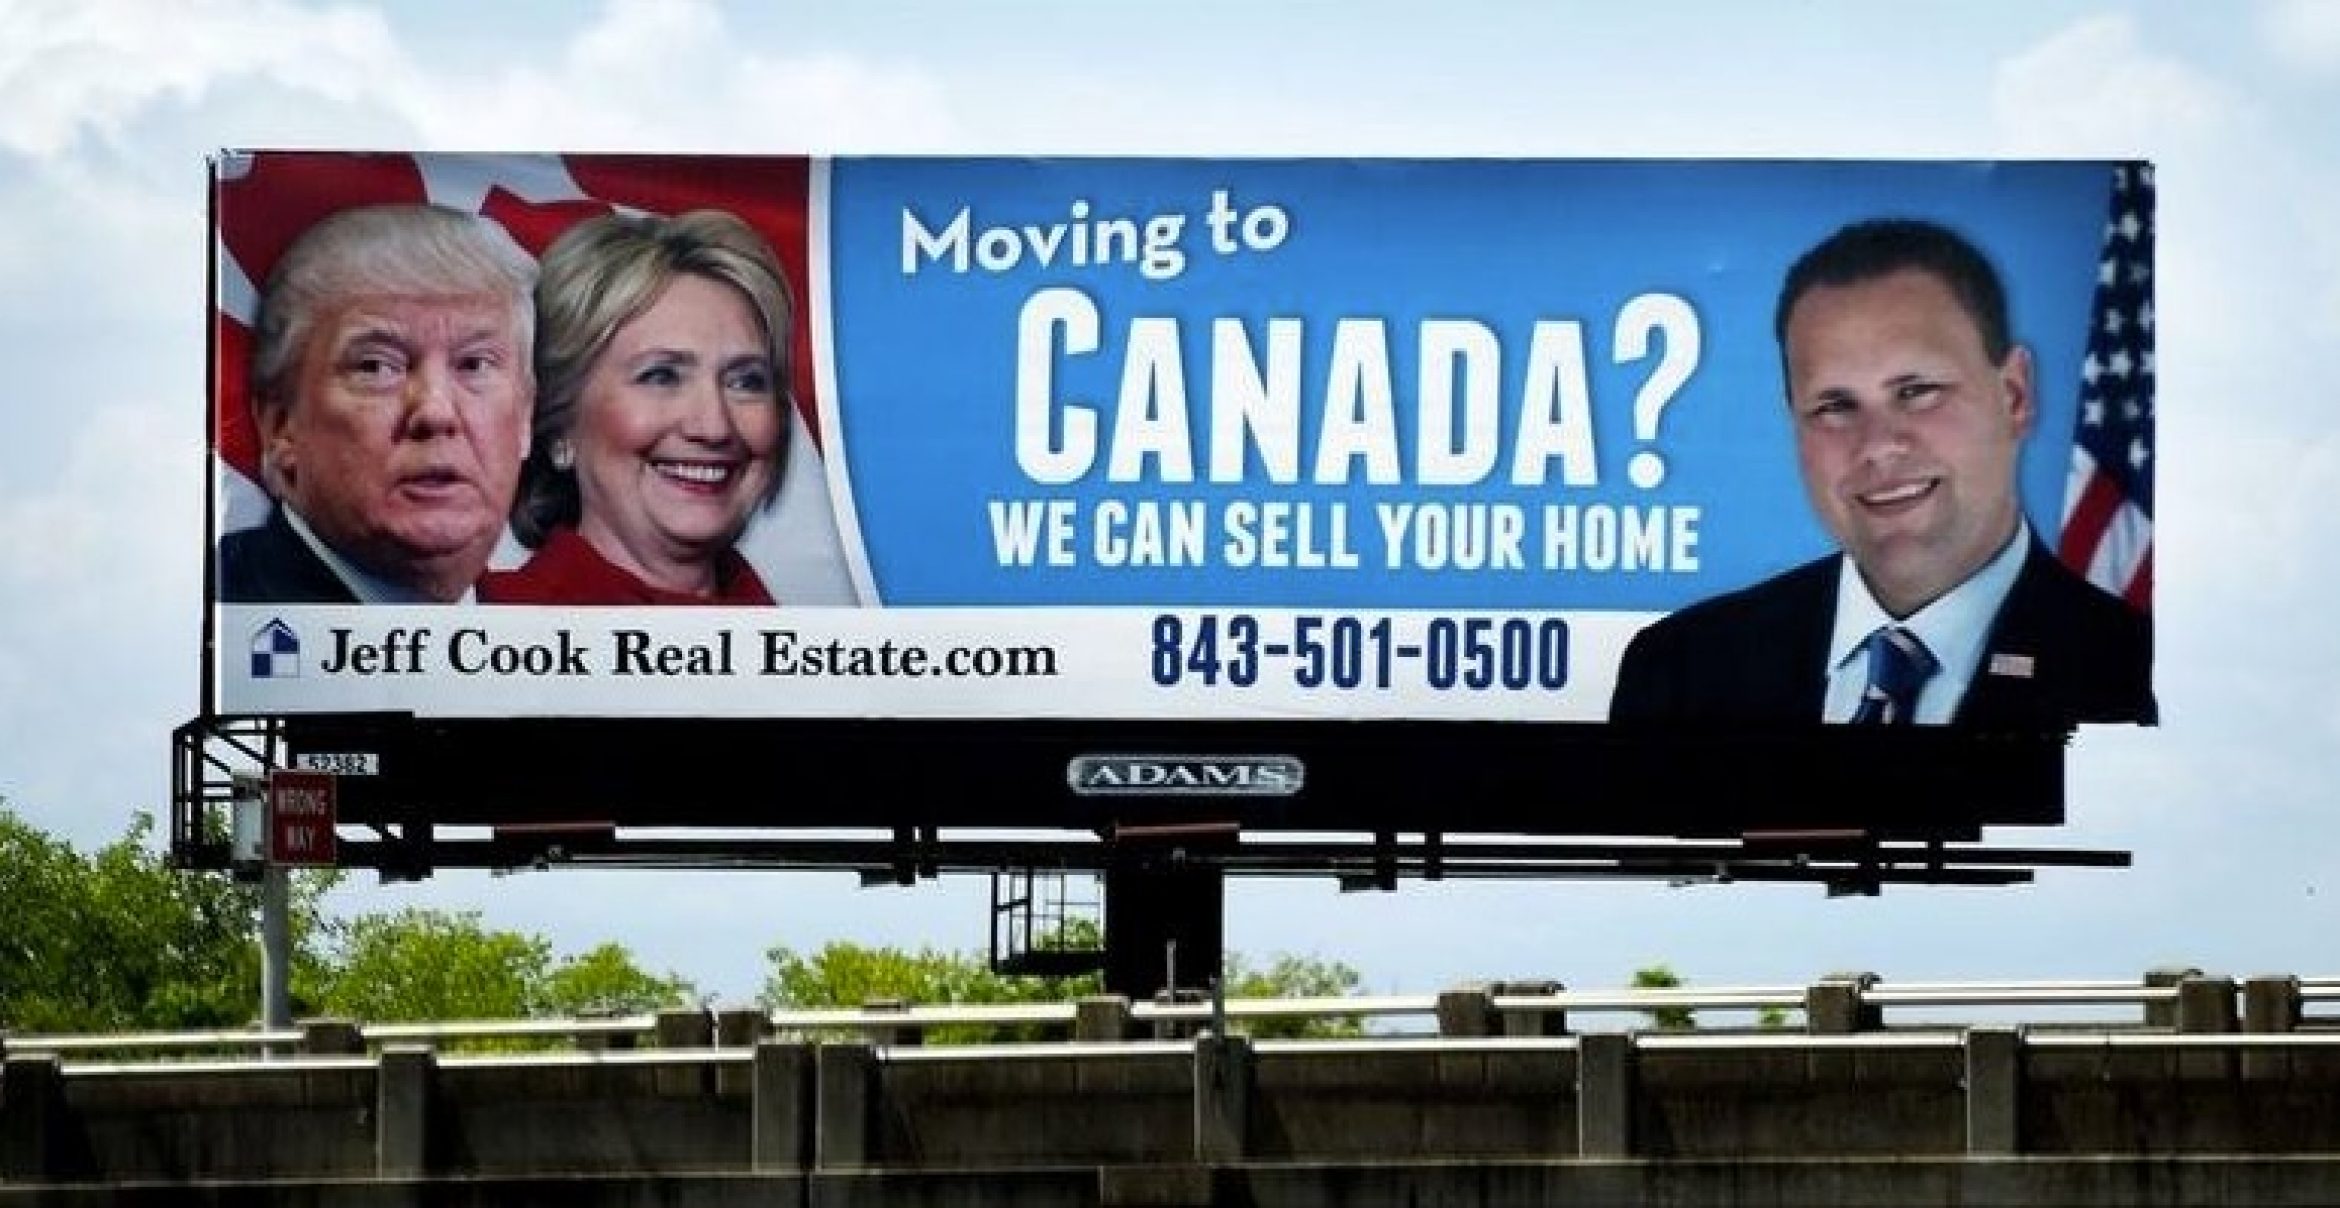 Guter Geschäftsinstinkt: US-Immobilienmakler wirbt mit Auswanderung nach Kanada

---

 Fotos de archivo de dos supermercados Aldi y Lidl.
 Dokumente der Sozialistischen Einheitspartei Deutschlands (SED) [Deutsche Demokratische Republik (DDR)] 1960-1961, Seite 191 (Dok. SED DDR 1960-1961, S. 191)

**Exercise objective**: Return the span of lines in the data above that opens at the line with "Fotos de archivo" and closes at the line with "Dokumente der Sozialistischen", exactly, ends included, nothing else.

**Task solution**:
 Fotos de archivo de dos supermercados Aldi y Lidl.
 Dokumente der Sozialistischen Einheitspartei Deutschlands (SED) [Deutsche Demokratische Republik (DDR)] 1960-1961, Seite 191 (Dok. SED DDR 1960-1961, S. 191)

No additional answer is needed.